(Collected material)
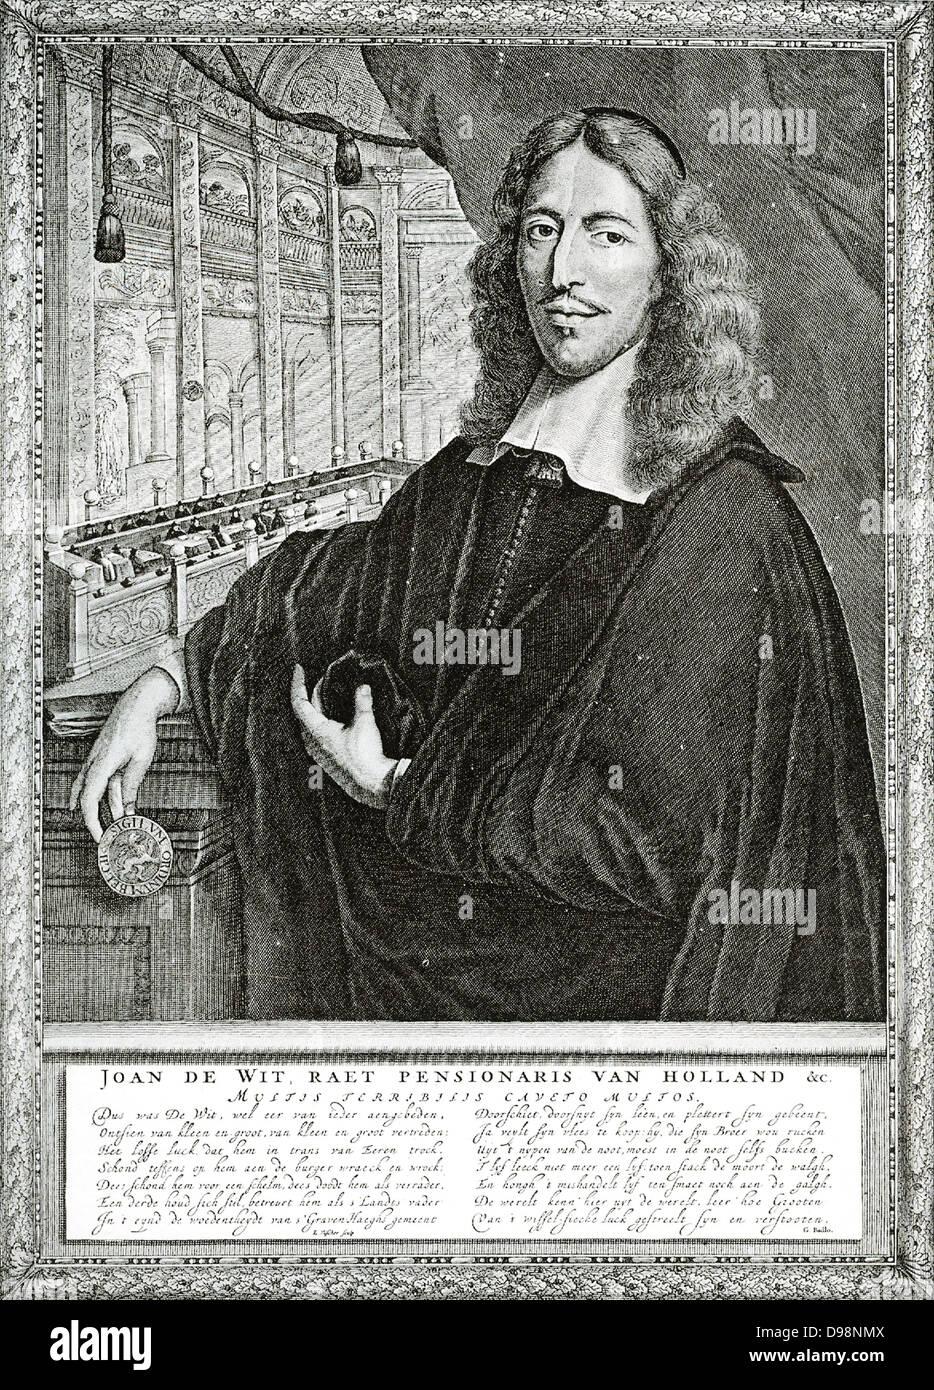 Johan De Witt, uno statista di rara doni. Per quasi venti anni era il capo degli Affari Esteri Olandese Immagini Stock
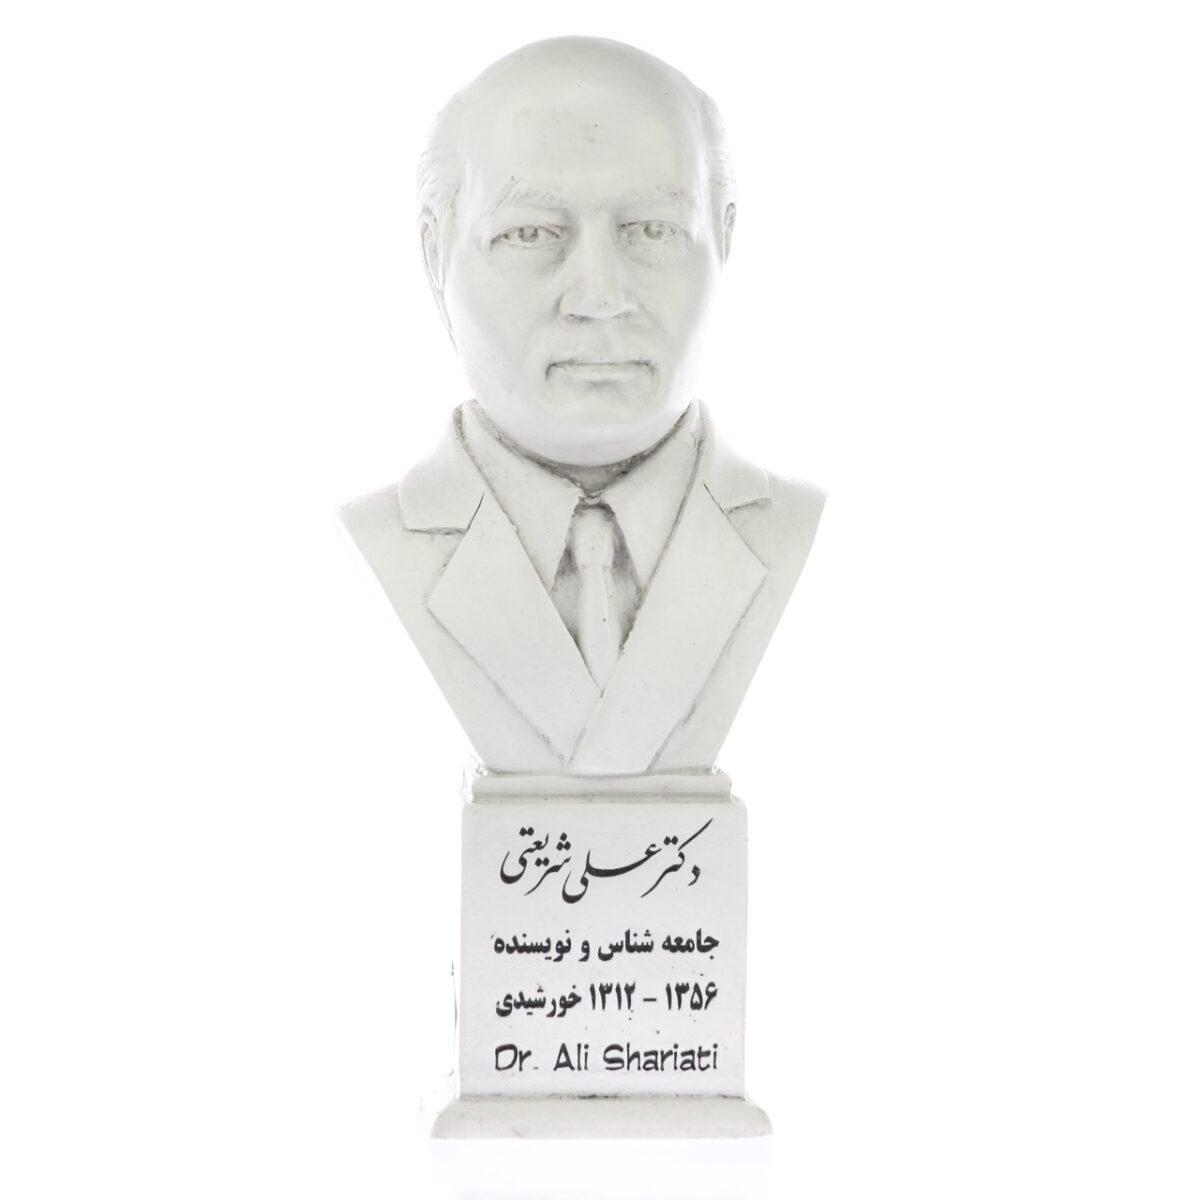 dr shariati s 1200x1200 - سردیس دکتر علی شریعتی
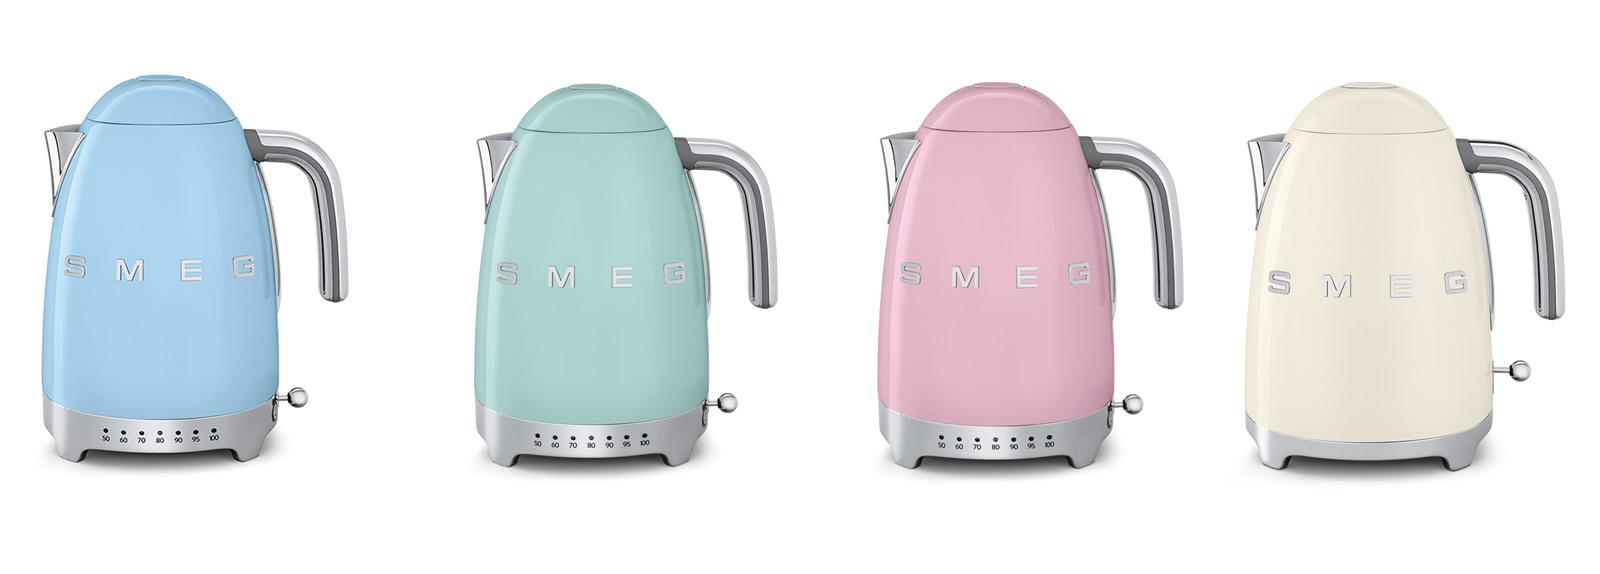 Smeg-50's-Retro-Style-small-home-appliances-2
(End Collected material)
**Exercise details**: Within the listing above, find the line containing "dr shariati s", then print it and every line after it exactly, leaving out pictures.

**Answer box**:
 dr shariati s 1200x1200 - سردیس دکتر علی شریعتی
 Smeg-50's-Retro-Style-small-home-appliances-2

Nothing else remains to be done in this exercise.